Bova, Polkan, and Drushnevna ride towards the city of Sumin, where Simbalda is. On the way, Drushnevna has two sons in a meadow: Litcharda and Simbalda. Sometime later, an army seny by Dadon and heading towards Armenia to slay Bova marches by. Bova leaves Polkan with Drushnevna and the children [they are staying in a tent in the meadow, still], while he slays the army. While he is doing so, Polkan is attacked by two lions, and all three die. Drushnevna looks out of the tent, sees the carnage, and thinks Bova is dead too, so she flees with her sons. They come to Tsar Saltan’s city, where she washes herself with the aging powder. Bova returns, thinks she is dead, and rides to Simin, where Simbalda and his son Tervis raise and army and march against Anton. Dadon has three hundred thousand men, but Bova challenges him to single combat and cleaves his skull. He sends his body to Queen Militrisa, while he weeps over his father’s grave and returns to Sumin. Unfortunately, Dadon is only mostly dead, and Militrisa sends far and wide for a doctor. Bova disguises himself with the aging powder, pretends to be a doctor, and beheads Dadon. He sends his head to Militrisa on a platter, washes himself with the youthful powder, and has Tervis nail her up in a barrel and roll her into the ocean. Bova reclaims his thorne, and sends to Saltan, asking for Miliheria’s hand in marriage. They consent, but Drushnevna hears of it. She has become a washerwoman, but she now walks with her two sons to Anton, arriving the same day. She washes herself with the youthful powder and sends her sons to present themselves before Bova. They tell their story, and there is much rejoicing. Bova has the taxes remitted for two months, and Milheria weds Tervis. Bova also sends Simbalda’s brother Ohen to conquer Armenia from Orlop, [who has apparently usurped it, though this was not mentioned before.] Orlop is slain, and Ohen is made king. Bova rules and reigns in Anton happily ever after.

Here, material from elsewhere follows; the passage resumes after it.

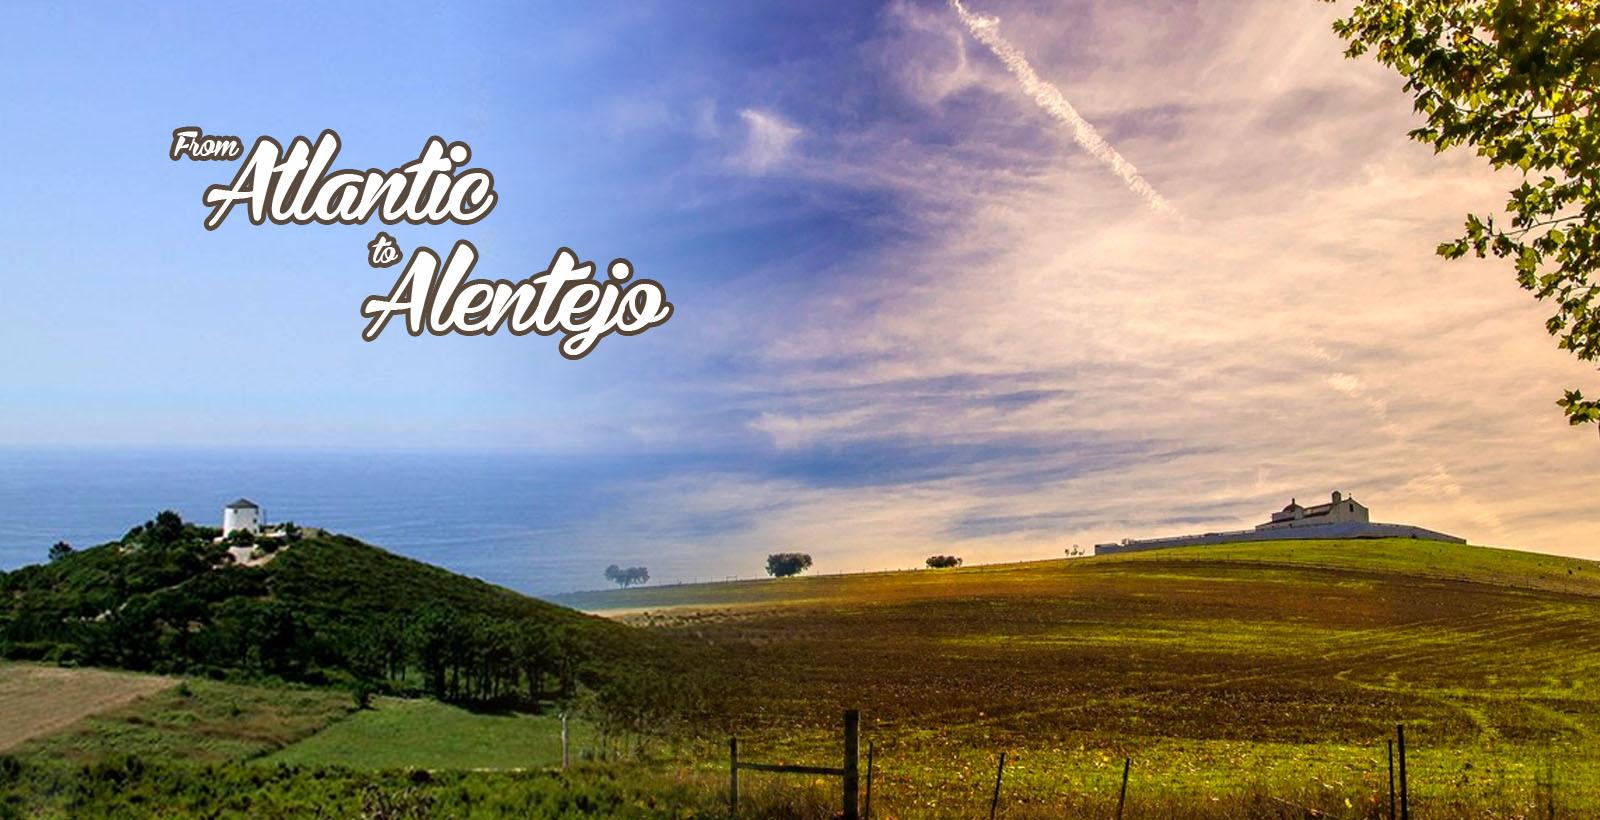 From Atlantic to Alentejo

A Folk-Tale Version Of Prince Bova

Very much shorter. Bova’s mother is a widow. It is her beloved’s idea to poison Bova. Bova’ mother chases him to the shore and the two of them both threaten the sailors [transferred from Saltan’s pursuit in the original]. Bova helps the merchants sell their goods, where he plays the gusli so well that everyone is transfixed. The ruler [unnamed] hires him to be his daughter’s page. They fall in love, he reveals his identity, and they are wed. Then his father-in-law gives him a horse kept behind twelve iron doors with twelve steel chain. Bova sets out on him to seek adventure. The guard at the gate is asleep, however, so Bova strikes him to wake him up. The guard is not happy, and drugs Bova. He then leaves him with a letter to visit such-and-such a Tsar, and a letter to the Tsar saying that Bova killed his son [this was not related earlier]. Bova wakes up, delivers the letter, and is thrown in jail. His daughter tries to convert him to the Latin faith [Roman Catholicism], but he refuses, so they attempt to hang him. He overcomes twelve guards and escapes. He returns to his palace after five long years, where his wife is giving food to beggars. He drinks the aging potion, reveals himself to his wife, and then turns himself young again. They live happily ever after.